One week after the announcement of President Mwai Kibaki's re-election ignited protests, riots and looting around the east African nation, there was little sign of him meeting opposition rival Raila Odinga to sort out the crisis directly.

Would-be mediators, including Washington's top Africa diplomat Jendayi Frazer and South Africa's Nobel laureate Archbishop Desmond Tutu, shuttled between both camps.

But a statement from Kibaki that he was ready to form "a government of national unity" was met with scepticism by the opposition.
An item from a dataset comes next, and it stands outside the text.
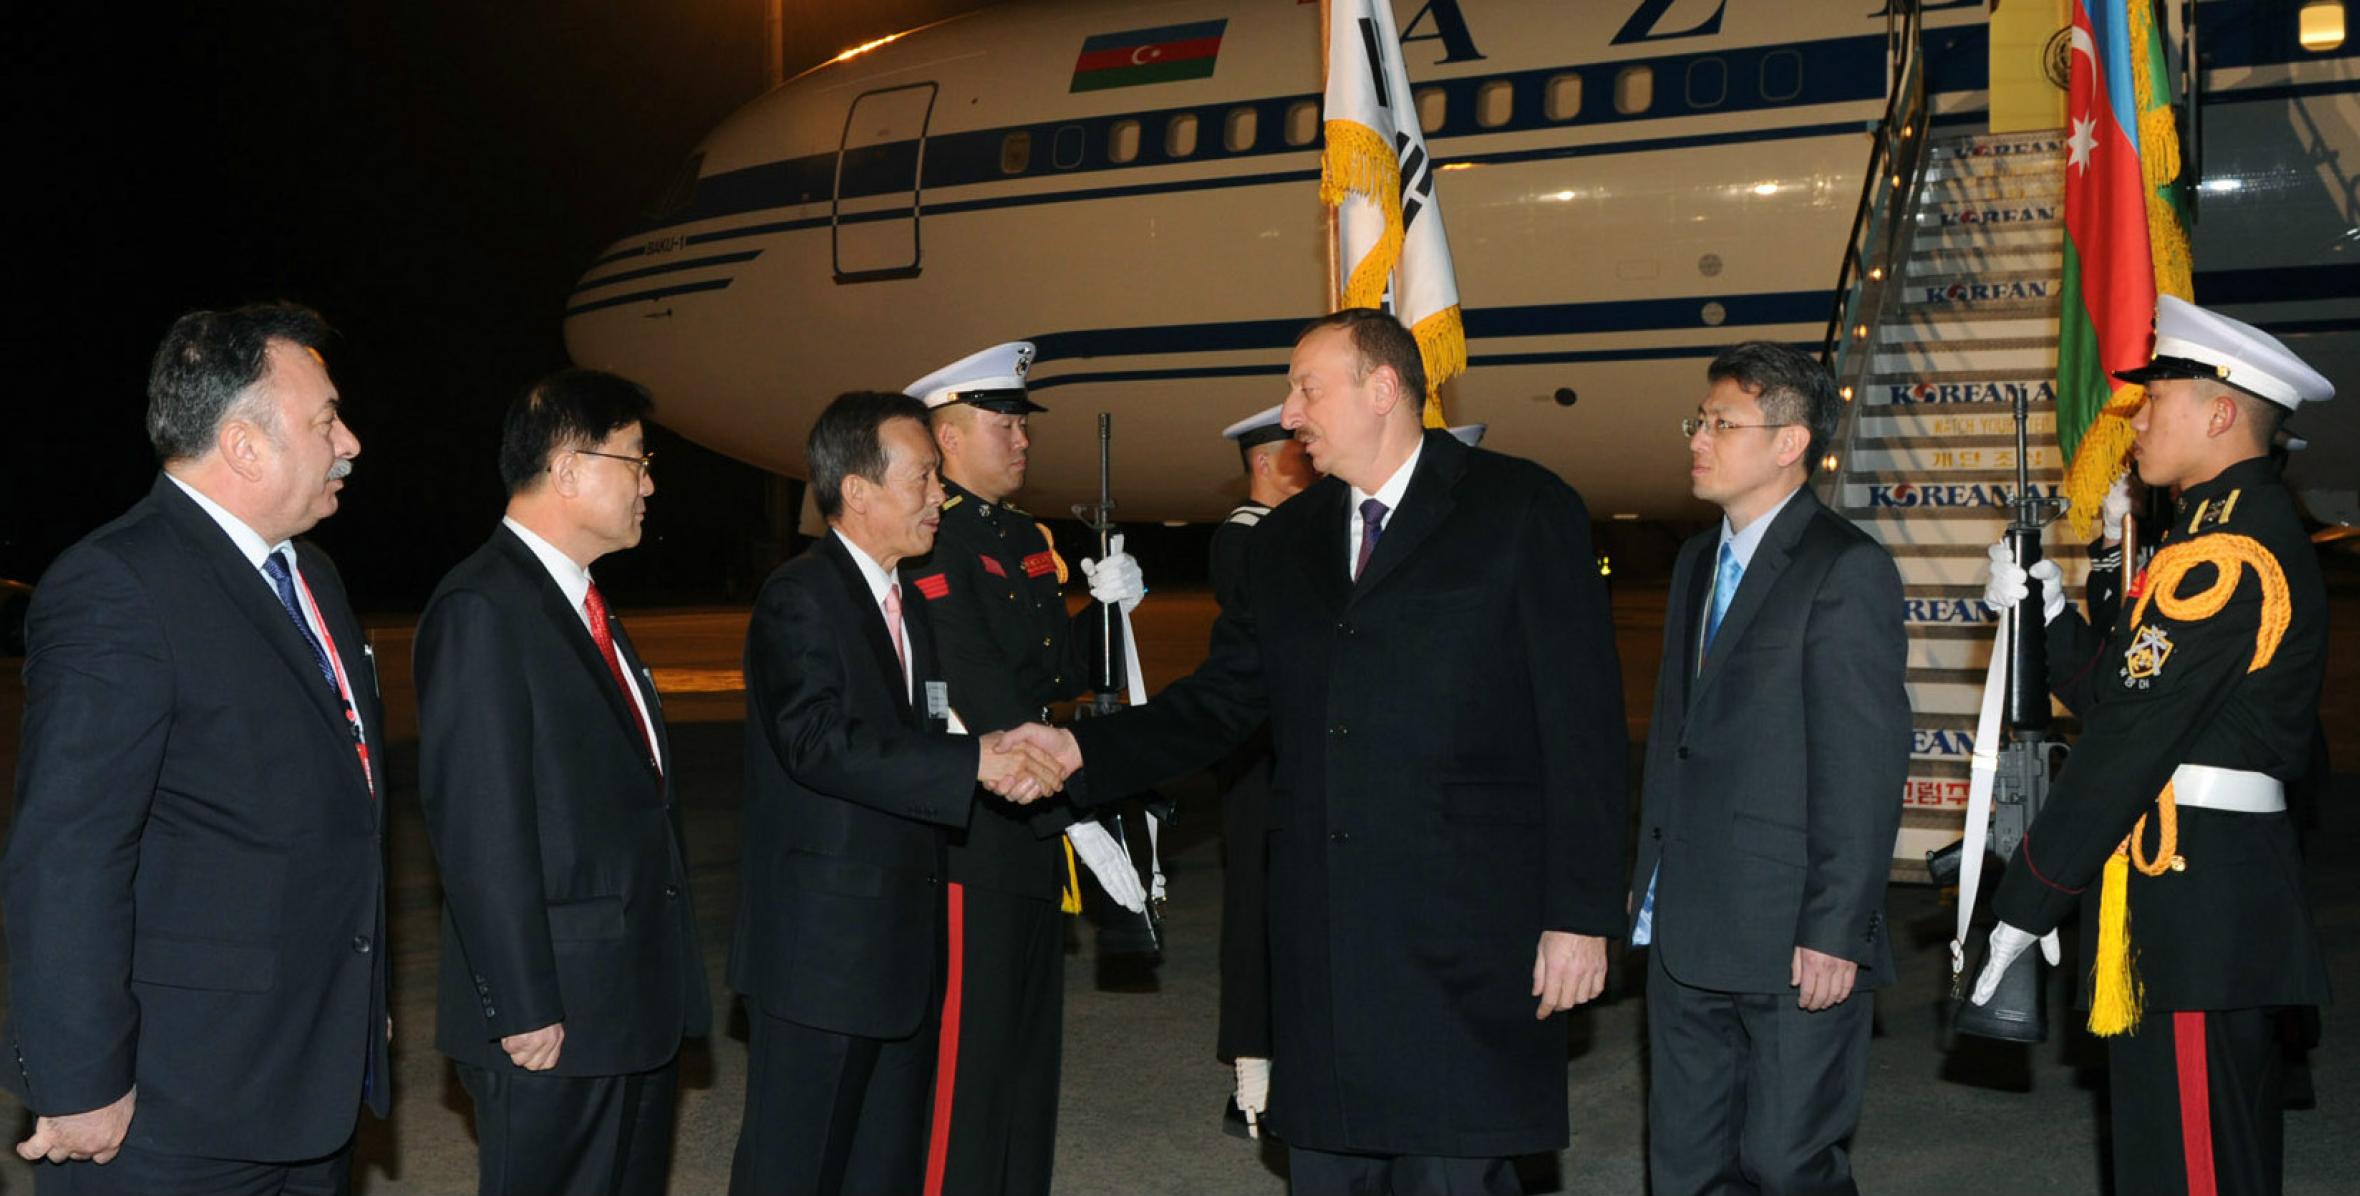 Ilham Aliyev arrived in the Republic of Korea on a working visit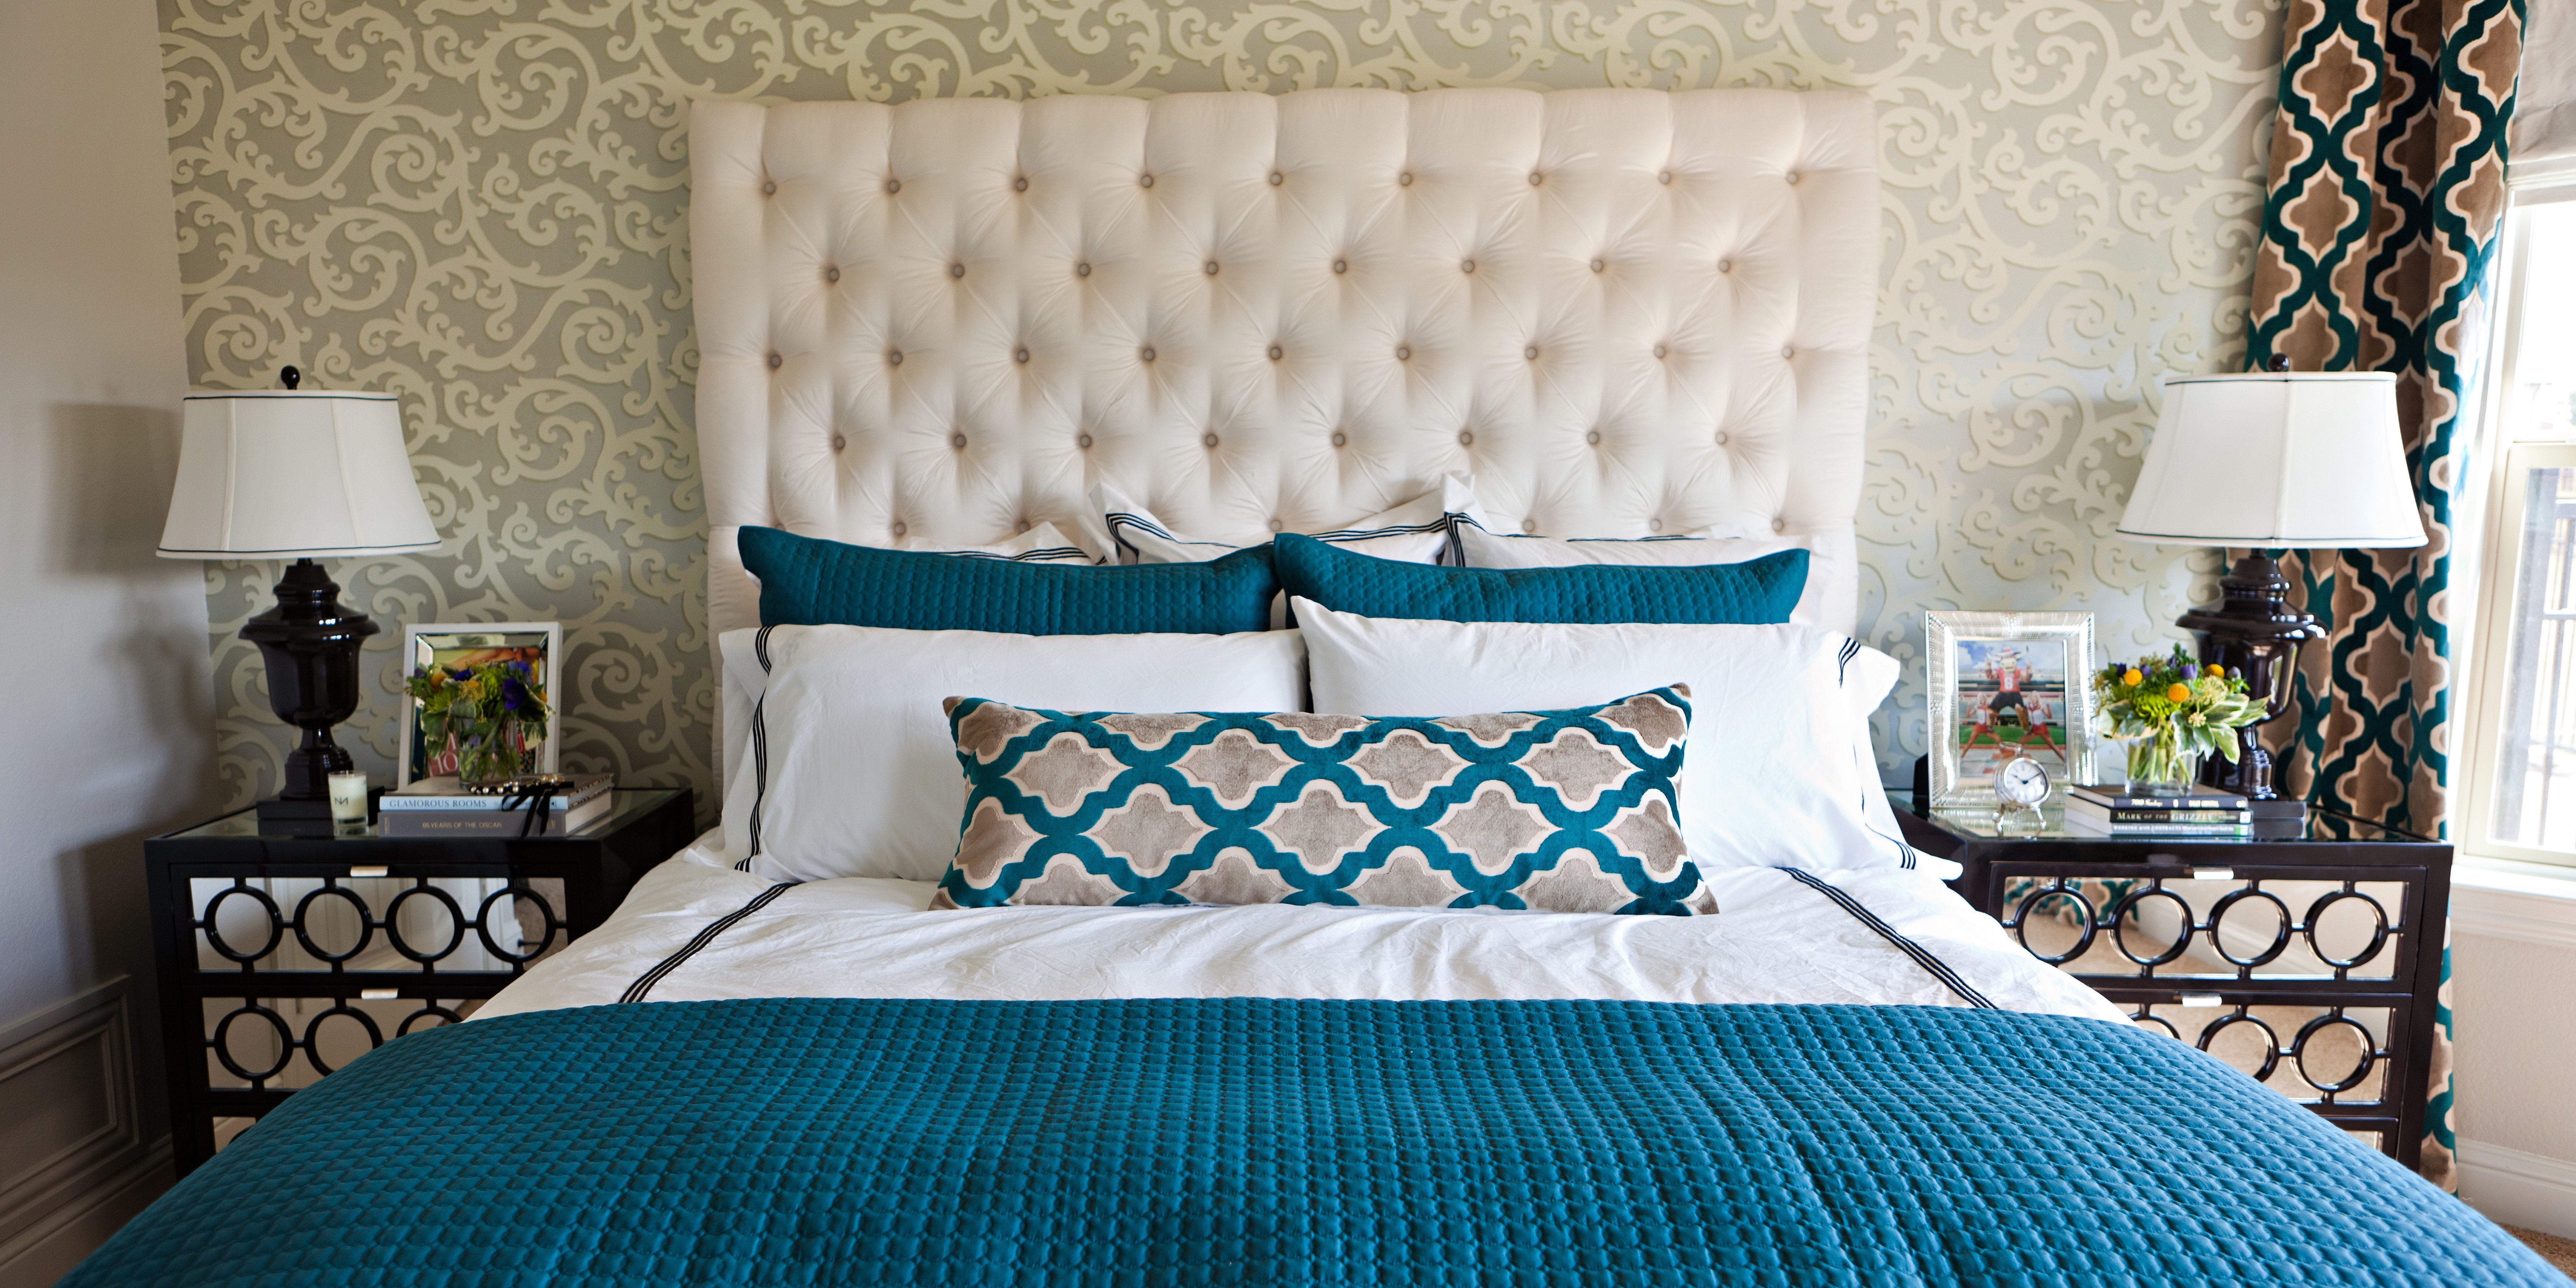 Teal and Gray Bedroom Decor Best Of Cool Teal Home Decor for Spring and Summer

It says he stole the December 27 vote by fraud and is now occupying the president's seat illegitimately.

Odinga's Orange Democratic Movement (ODM) wants Kibaki, 76, to quit and an international mediator to broker talks prior to a fresh election in three to six months.

"We are not interested in Kibaki's solution to this problem ... He has nothing to offer as he did not win the election," Odinga said. "It is an insult to the people of Kenya. I should be the one offering him the option of a coalition government ... We want a properly negotiated settlement through an international mediator that will give a lasting solution."

On the street, most Kenyans were preoccupied with getting their lives back to normal, amid scepticism about politicians who they see as wanting to hold power as a means of acquiring wealth rather than improving the lot of ordinary people.

At least 300 people have died, some in battles between police and protesters, others in ethnic violence. Looting and criminality have also flared during the chaos, claiming yet more lives in a nation that had been seen as a relatively stable democracy and flourishing economy.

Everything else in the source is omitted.